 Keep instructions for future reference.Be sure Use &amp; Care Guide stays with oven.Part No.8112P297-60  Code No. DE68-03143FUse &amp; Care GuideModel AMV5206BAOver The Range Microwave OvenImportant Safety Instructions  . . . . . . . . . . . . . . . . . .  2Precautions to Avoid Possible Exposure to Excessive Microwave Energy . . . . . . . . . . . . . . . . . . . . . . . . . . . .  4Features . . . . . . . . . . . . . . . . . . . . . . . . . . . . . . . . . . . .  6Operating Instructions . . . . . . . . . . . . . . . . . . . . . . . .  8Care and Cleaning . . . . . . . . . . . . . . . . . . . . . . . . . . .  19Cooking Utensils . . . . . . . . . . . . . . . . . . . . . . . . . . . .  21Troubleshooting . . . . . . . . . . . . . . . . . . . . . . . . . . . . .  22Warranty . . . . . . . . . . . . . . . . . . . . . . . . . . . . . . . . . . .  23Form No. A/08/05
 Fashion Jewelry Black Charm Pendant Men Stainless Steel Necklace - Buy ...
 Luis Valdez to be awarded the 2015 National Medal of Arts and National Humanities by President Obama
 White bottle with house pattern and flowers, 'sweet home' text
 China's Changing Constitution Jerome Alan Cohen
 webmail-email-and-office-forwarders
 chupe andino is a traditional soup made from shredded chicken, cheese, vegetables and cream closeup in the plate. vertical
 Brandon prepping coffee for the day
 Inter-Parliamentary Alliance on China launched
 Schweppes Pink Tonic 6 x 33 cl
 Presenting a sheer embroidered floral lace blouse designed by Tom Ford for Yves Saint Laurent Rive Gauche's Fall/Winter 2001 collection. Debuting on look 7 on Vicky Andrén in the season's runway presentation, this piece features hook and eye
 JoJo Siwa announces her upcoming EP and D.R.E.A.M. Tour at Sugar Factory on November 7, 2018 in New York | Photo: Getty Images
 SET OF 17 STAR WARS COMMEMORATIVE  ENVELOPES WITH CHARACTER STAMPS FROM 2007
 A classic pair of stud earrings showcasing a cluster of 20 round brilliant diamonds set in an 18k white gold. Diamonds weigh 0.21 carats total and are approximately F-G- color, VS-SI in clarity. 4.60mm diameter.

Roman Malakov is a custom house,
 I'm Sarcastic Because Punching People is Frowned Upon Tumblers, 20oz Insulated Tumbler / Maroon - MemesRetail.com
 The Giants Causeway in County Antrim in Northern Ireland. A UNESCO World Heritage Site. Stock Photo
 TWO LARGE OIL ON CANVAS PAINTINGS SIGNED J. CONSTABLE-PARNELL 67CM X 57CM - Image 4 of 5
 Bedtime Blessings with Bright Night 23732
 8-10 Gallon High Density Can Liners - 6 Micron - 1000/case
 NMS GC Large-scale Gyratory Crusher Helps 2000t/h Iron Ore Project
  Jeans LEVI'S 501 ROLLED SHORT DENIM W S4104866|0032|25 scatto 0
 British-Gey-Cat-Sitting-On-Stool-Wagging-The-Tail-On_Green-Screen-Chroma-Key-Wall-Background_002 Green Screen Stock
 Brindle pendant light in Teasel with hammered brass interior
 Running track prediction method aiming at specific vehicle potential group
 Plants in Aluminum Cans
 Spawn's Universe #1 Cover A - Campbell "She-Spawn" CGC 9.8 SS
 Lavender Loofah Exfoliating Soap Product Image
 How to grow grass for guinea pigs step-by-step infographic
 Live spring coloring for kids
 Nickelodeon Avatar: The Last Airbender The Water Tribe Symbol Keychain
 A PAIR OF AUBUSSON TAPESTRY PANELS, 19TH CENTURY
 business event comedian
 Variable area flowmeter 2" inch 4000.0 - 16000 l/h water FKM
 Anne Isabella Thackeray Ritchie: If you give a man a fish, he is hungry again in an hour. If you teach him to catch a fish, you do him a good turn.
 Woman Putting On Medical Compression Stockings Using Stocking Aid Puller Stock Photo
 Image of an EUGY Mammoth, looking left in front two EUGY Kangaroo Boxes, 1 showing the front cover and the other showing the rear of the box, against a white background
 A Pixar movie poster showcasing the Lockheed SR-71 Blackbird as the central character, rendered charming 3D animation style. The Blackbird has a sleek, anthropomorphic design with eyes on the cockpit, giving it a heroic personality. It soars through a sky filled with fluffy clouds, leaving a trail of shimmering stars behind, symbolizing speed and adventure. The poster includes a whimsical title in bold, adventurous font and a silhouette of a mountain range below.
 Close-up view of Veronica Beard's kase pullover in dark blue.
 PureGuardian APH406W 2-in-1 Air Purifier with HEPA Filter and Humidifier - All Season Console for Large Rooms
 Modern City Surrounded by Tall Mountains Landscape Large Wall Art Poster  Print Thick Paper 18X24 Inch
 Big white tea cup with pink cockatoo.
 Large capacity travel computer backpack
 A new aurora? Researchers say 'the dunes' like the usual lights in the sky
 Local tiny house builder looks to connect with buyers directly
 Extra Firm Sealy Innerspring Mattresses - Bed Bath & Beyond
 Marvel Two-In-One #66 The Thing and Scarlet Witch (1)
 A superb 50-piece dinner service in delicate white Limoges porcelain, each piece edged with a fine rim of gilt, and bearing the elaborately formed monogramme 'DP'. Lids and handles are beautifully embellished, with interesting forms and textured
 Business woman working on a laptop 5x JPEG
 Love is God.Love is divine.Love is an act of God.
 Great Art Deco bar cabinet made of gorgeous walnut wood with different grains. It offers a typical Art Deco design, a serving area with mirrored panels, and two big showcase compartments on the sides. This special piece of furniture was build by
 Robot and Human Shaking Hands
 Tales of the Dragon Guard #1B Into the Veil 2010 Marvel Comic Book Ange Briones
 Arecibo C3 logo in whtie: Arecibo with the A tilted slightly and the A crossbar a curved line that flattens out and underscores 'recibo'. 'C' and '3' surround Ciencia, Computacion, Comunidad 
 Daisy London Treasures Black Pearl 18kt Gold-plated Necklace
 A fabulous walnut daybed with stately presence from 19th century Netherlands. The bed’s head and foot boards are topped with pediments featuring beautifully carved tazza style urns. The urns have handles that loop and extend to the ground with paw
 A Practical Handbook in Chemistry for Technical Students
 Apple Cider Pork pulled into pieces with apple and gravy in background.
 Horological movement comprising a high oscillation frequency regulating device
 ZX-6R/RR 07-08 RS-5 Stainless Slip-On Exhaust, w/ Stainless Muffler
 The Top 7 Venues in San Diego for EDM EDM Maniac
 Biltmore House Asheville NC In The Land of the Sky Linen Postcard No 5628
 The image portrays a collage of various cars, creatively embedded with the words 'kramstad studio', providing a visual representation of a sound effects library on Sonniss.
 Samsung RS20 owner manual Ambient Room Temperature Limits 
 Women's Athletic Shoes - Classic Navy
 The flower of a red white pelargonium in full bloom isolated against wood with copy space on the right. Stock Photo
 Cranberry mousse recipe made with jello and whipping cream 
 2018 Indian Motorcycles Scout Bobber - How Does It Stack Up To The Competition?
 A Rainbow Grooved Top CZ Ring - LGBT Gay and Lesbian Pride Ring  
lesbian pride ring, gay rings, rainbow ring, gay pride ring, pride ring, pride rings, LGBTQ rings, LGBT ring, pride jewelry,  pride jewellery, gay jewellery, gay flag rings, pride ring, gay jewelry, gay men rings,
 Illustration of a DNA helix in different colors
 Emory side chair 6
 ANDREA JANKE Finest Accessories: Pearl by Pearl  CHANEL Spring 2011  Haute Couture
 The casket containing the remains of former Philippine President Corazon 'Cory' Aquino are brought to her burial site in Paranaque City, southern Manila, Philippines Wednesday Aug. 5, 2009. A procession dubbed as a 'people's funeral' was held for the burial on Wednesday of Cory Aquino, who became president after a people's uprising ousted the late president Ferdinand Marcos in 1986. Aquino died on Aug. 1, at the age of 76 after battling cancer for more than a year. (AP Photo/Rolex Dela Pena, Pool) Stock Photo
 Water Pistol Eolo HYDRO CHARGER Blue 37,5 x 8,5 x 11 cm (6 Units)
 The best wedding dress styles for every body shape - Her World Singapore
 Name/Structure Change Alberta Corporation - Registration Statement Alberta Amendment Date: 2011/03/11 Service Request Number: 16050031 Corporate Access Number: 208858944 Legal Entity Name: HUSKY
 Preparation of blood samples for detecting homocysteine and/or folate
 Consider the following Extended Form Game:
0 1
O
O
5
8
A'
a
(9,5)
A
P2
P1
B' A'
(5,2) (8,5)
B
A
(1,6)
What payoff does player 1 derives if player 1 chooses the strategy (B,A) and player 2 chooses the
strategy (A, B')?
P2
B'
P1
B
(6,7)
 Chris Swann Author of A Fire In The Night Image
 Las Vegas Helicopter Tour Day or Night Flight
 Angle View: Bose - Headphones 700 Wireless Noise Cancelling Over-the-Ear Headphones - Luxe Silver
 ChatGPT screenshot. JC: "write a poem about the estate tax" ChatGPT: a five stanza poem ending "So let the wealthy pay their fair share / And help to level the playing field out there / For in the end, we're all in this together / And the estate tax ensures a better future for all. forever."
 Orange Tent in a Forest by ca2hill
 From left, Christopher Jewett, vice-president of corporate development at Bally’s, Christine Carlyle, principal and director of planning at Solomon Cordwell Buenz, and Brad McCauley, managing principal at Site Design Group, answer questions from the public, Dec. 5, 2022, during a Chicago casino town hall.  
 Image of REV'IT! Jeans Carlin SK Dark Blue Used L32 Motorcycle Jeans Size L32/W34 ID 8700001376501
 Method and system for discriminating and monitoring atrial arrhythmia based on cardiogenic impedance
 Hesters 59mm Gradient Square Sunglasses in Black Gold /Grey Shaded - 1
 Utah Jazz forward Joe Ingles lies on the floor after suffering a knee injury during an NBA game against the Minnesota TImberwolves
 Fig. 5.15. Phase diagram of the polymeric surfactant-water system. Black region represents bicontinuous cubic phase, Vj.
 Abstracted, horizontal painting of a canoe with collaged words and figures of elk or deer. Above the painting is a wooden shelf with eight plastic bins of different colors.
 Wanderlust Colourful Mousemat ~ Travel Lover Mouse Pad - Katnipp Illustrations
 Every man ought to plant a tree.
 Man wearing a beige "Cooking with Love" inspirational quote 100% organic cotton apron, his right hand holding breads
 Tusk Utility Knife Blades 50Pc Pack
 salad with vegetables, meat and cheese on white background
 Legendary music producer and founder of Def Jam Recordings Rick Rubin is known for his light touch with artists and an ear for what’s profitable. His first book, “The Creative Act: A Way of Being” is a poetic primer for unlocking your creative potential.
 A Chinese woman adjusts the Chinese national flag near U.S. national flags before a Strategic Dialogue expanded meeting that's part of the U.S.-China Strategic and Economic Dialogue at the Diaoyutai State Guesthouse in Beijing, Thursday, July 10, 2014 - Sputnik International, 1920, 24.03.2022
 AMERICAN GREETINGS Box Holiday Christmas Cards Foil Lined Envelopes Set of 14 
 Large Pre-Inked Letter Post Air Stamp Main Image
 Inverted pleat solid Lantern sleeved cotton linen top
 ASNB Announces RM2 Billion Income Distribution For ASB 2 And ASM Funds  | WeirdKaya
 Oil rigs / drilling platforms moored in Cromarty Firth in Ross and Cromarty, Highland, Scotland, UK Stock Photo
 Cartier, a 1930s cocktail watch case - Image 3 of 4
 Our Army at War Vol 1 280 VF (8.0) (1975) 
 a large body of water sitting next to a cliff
□ □ □ □ □ □ □
Task to complete: Could you repeat exactly the lines above from the line with "Las Vegas Helicopter" up to and including the line with "Legendary music producer", and only those?

Finished exercise:
 Las Vegas Helicopter Tour Day or Night Flight
 Angle View: Bose - Headphones 700 Wireless Noise Cancelling Over-the-Ear Headphones - Luxe Silver
 ChatGPT screenshot. JC: "write a poem about the estate tax" ChatGPT: a five stanza poem ending "So let the wealthy pay their fair share / And help to level the playing field out there / For in the end, we're all in this together / And the estate tax ensures a better future for all. forever."
 Orange Tent in a Forest by ca2hill
 From left, Christopher Jewett, vice-president of corporate development at Bally’s, Christine Carlyle, principal and director of planning at Solomon Cordwell Buenz, and Brad McCauley, managing principal at Site Design Group, answer questions from the public, Dec. 5, 2022, during a Chicago casino town hall.  
 Image of REV'IT! Jeans Carlin SK Dark Blue Used L32 Motorcycle Jeans Size L32/W34 ID 8700001376501
 Method and system for discriminating and monitoring atrial arrhythmia based on cardiogenic impedance
 Hesters 59mm Gradient Square Sunglasses in Black Gold /Grey Shaded - 1
 Utah Jazz forward Joe Ingles lies on the floor after suffering a knee injury during an NBA game against the Minnesota TImberwolves
 Fig. 5.15. Phase diagram of the polymeric surfactant-water system. Black region represents bicontinuous cubic phase, Vj.
 Abstracted, horizontal painting of a canoe with collaged words and figures of elk or deer. Above the painting is a wooden shelf with eight plastic bins of different colors.
 Wanderlust Colourful Mousemat ~ Travel Lover Mouse Pad - Katnipp Illustrations
 Every man ought to plant a tree.
 Man wearing a beige "Cooking with Love" inspirational quote 100% organic cotton apron, his right hand holding breads
 Tusk Utility Knife Blades 50Pc Pack
 salad with vegetables, meat and cheese on white background
 Legendary music producer and founder of Def Jam Recordings Rick Rubin is known for his light touch with artists and an ear for what’s profitable. His first book, “The Creative Act: A Way of Being” is a poetic primer for unlocking your creative potential.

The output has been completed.